Article 25 — Licenciement, démission des salariés et départ volontaire à la retraite
§ 1. Préavis
Pour toute rupture du contrat de travail par l'employeur ou l'employé au-delà de la période d'essai et sauf faute grave, la durée du préavis réciproque sera fixée comme suit :
A. - Personnel ayant moins de 6 mois de présence dans l'établissement (toutes catégories à l'exception du personnel embauché pour une durée déterminée) : 15 jours ;
B. - Personnel ayant de 6 mois à 2 ans de présence (toutes catégories) : 1mois ;
C. - Personnel ayant plus de 2 ans de présence :
- licenciement : 2 mois ;
- démission : 1 mois.
D. - Dispositions applicables au personnel cadre en cas de licenciement ou de démission : la durée du préavis est fixée à 3 mois ;
E. - Le personnel embauché pour une durée déterminée bénéficiera d'un préavis de 8 jours à partir de 1 mois de présence et jusqu'à 6 mois.

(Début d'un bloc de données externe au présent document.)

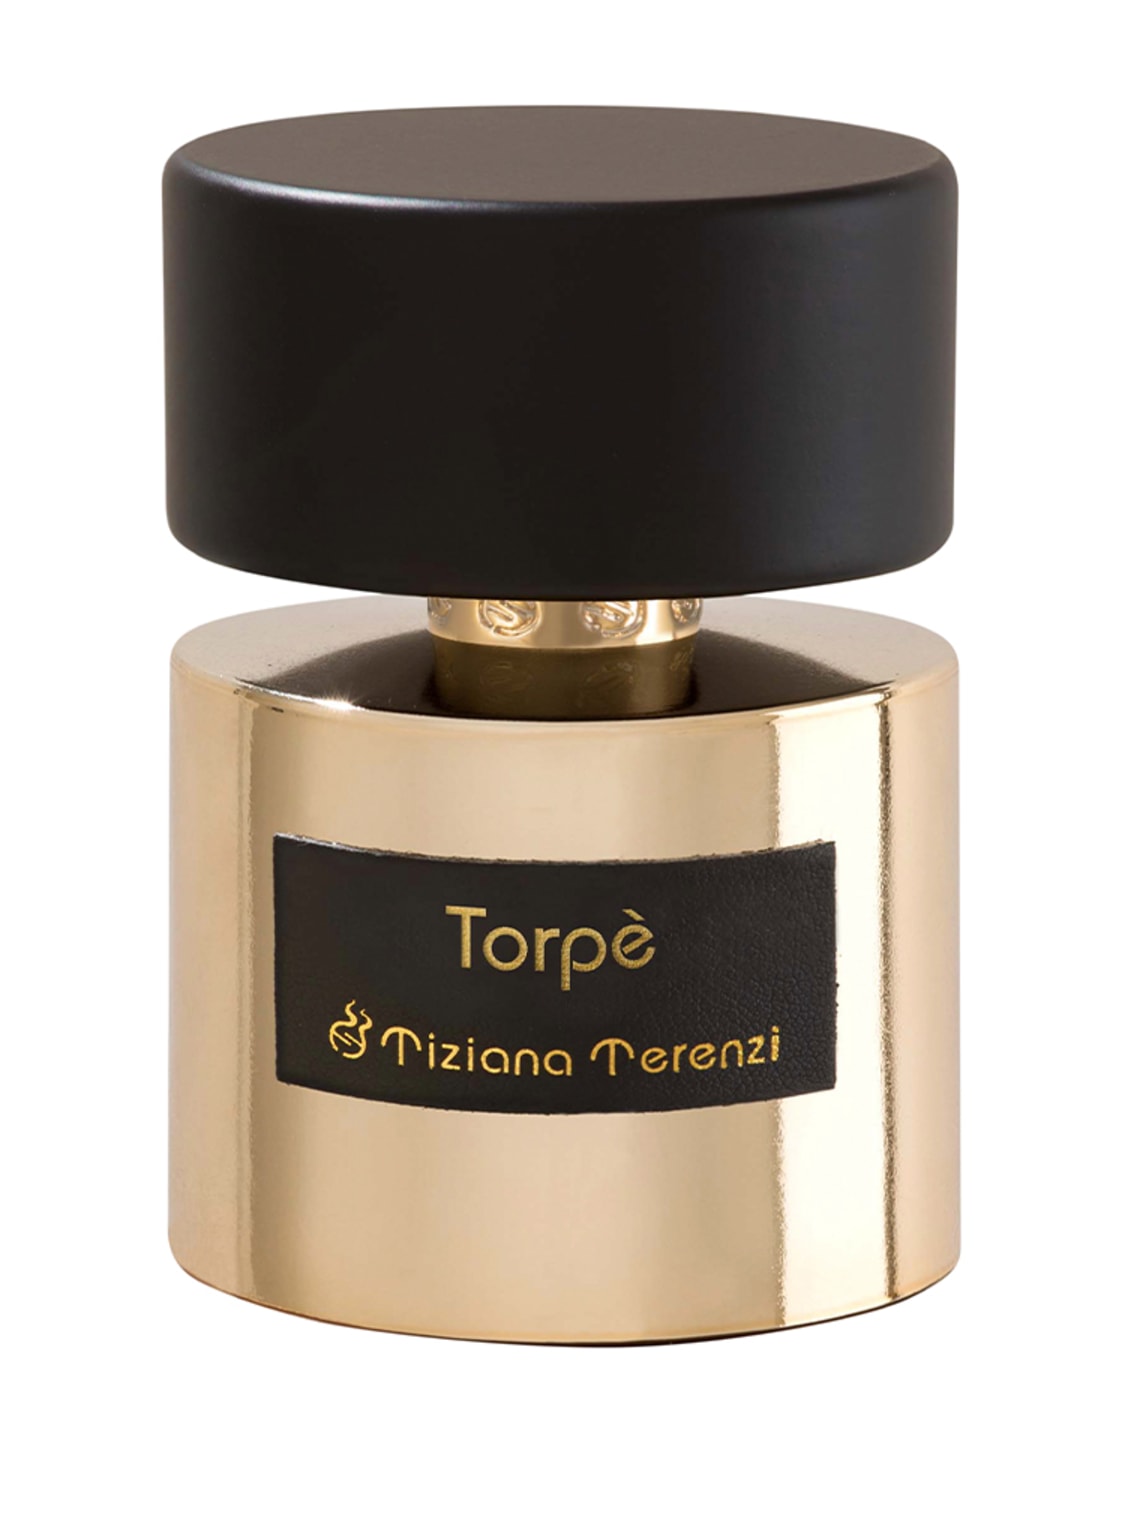 Tiziana Terenzi Torpè Extrait de Parfum 100 ml von Tiziana Terenzi

Au-delà de 6 mois, tout salarié maintenu exceptionnellement en contrat provisoire, selon l'article 13, bénéficiera des mêmes droits que le personnel permanent.
§ 2. Indemnité de licenciement
Une indemnité de licenciement est due pour le personnel ayant plus de 1 an d'ancienneté, quel que soit le motif du licenciement, en dehors du cas de faute grave.

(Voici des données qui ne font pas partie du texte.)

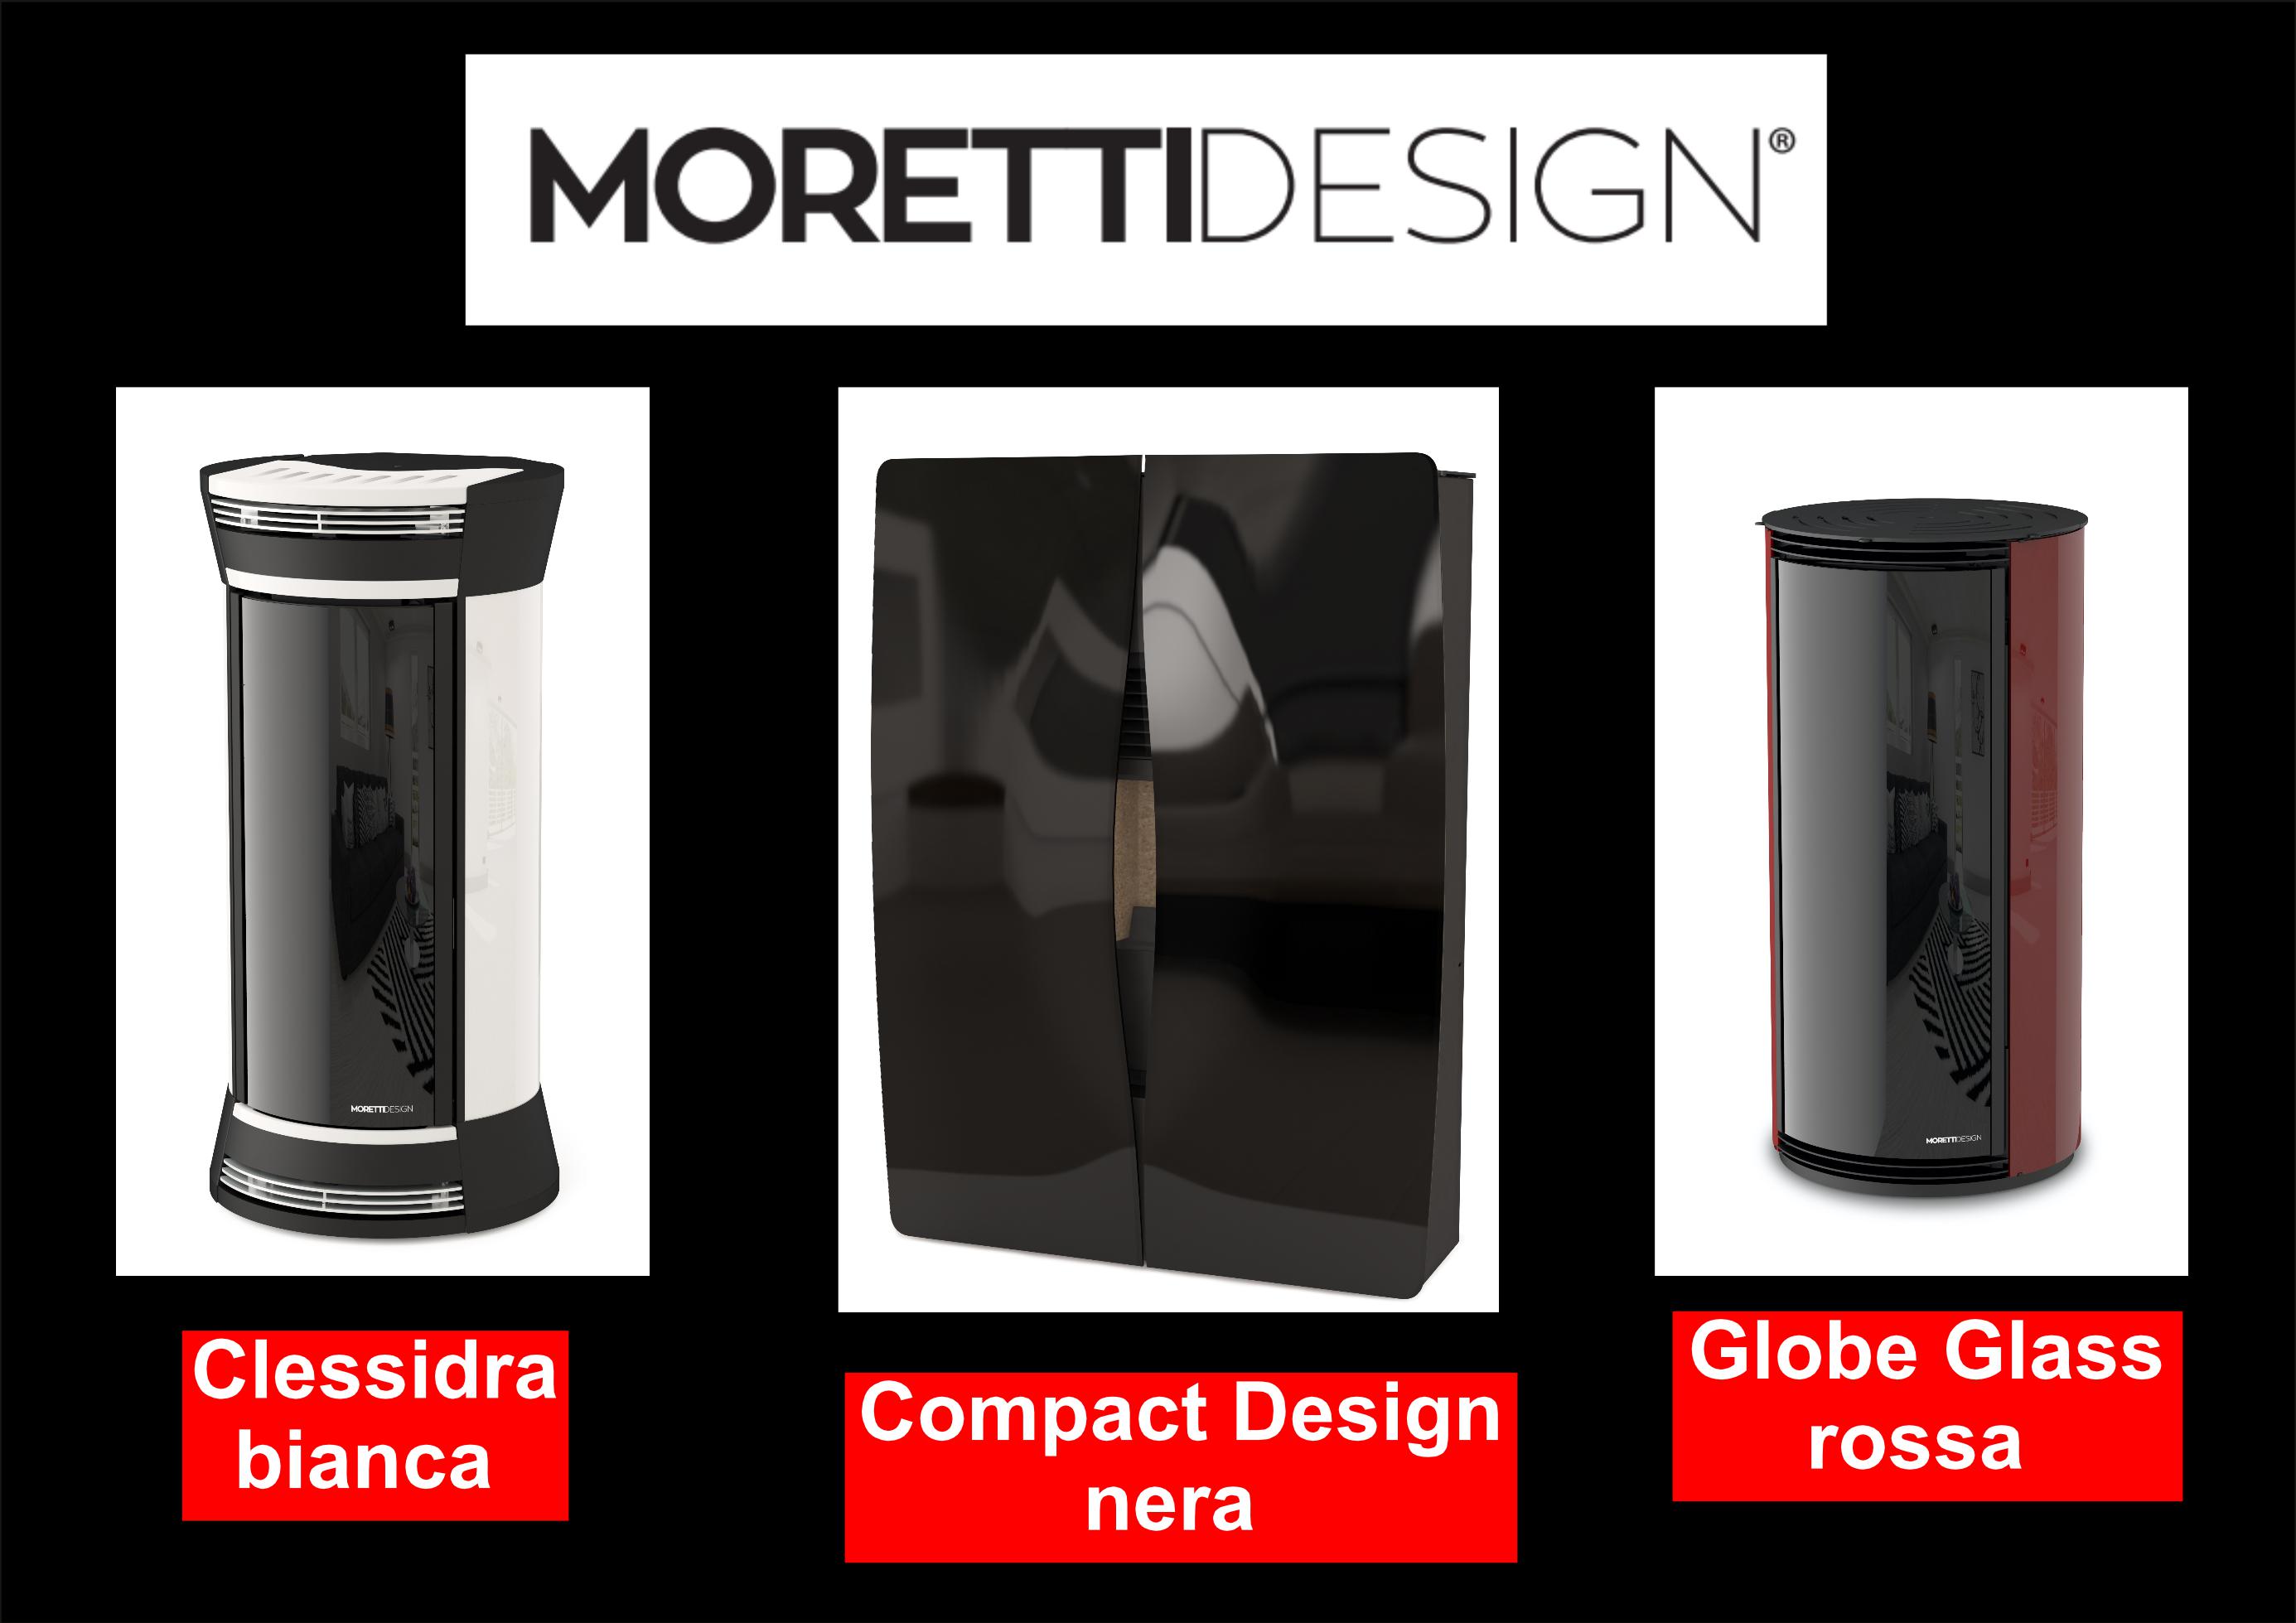 Pelletofen,Moretti,Moretti Design,modern, Moretti Deutschland

Cette indemnité sera calculée comme suit :
- moins de 10 ans d'ancienneté : de 1 / 5 de mois de salaire brut par année d'ancienneté ;
- à partir de 10 ans d'ancienneté : 1 / 5 de mois de salaire brut par année d'ancienneté, auquel s'ajoutent 2 / 15 de mois par année au-delà de 10 ans.
Le salaire servant de base au calcul de l'indemnité minimum légale est égal à 1 / 12 de la rémunération brute des 12 derniers mois précédant le licenciement ou, selon la formule la plus avantageuse pour le salarié, à 1 / 3 des 3 derniers mois, étant entendu que, dans ce cas, toute prime ou gratification à caractère annuel ou exceptionnel, qui aura été versée au salarié pendant cette période, ne sera prise en compte que dans la limite d'un montant calculé pro rata temporis.

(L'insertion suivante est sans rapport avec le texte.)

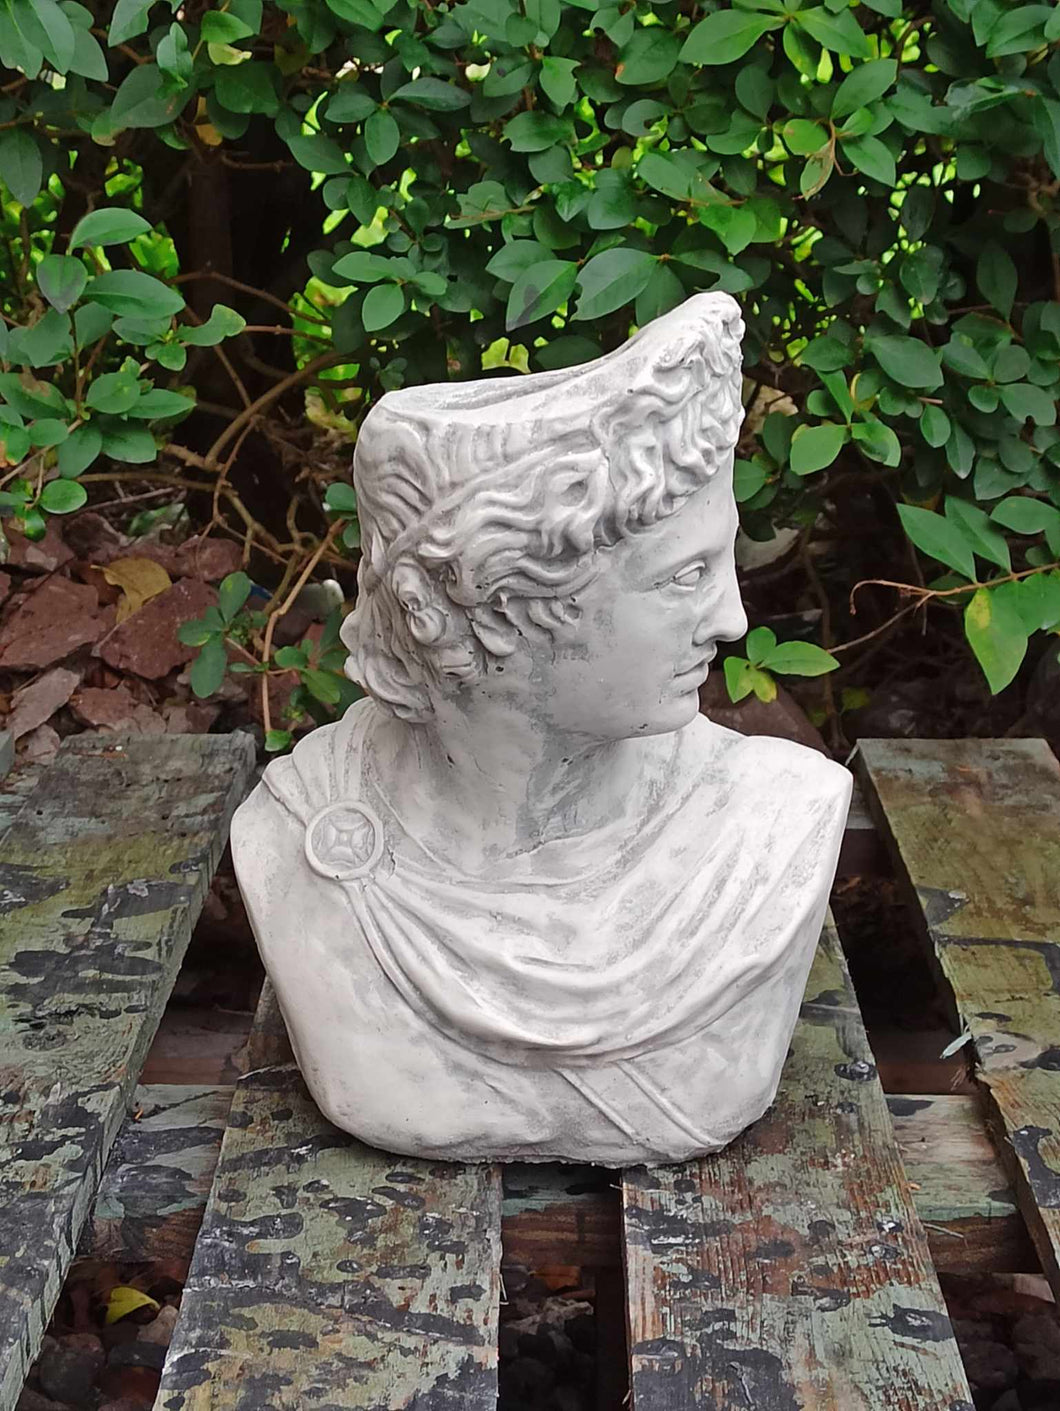 Apollo Bust Statue |Stone colour  Flower pot  Lady Greek God Sculpture Stone Garden Ornament Art

Cette indemnité de licenciement ne se cumule pas avec toute indemnité de même nature.
Indemnité de départ volontaire à la retraite
En cas de départ volontaire du salarié à la retraite, l'indemnité versée par l'employeur est la suivante :
- 1/2 mois de salaire après 10 ans d'ancienneté ;
- 1 mois de salaire après 15 ans d'ancienneté ;
- 1 mois 1/2 de salaire après 20 ans d'ancienneté ;
- 2 mois de salaire après 30 ans d'ancienneté ;
- 2 mois 1/2 de salaire après 35 ans d'ancienneté ;
- 3 mois de salaire après 40 ans d'ancienneté.
Article 26 — Recherche d'un emploi
Pour toutes catégories, pendant la période de préavis de licenciement :
1° Le personnel bénéficie de 2 heures payées par jour pour la recherche d'un emploi ;
2° Ces heures payées peuvent, en accord entre les parties, être cumulées en une seule journée de 8 heures tous les 4 jours, afin de faciliter la recherche d'un emploi ;
3° Le salarié, s'il trouve un emploi avant l'expiration du préavis de licenciement, peut résilier son contrat de travail dans les 24 heures.
L'employeur ne sera pas tenu de payer la période de préavis non effectuée.
Article 27 — Ancienneté du personnel réembauché
Tout travailleur qui, après licenciement ou démission, reprendra du travail dans le même cabinet médical, gardera droit à son ancienneté acquise avant le licenciement ou la démission.
Article 28 — Cessation d'activité du cabinet
En cas de suspension de l'activité d'un cabinet médical pour une durée supérieure à 3 mois, le contrat de travail se trouve rompu et les droits des travailleurs sont garantis par les articles ci-dessus concernant les licenciements.
En cas de reprise d'activité, le personnel ainsi licencié aura priorité pour l'embauche ; il retrouvera l'ancienneté acquise ainsi que les avantages acquis.
Lorsque les licenciements ne pourront être évités, les employeurs tiendront compte de l'ancienneté dans le cabinet et des charges de famille.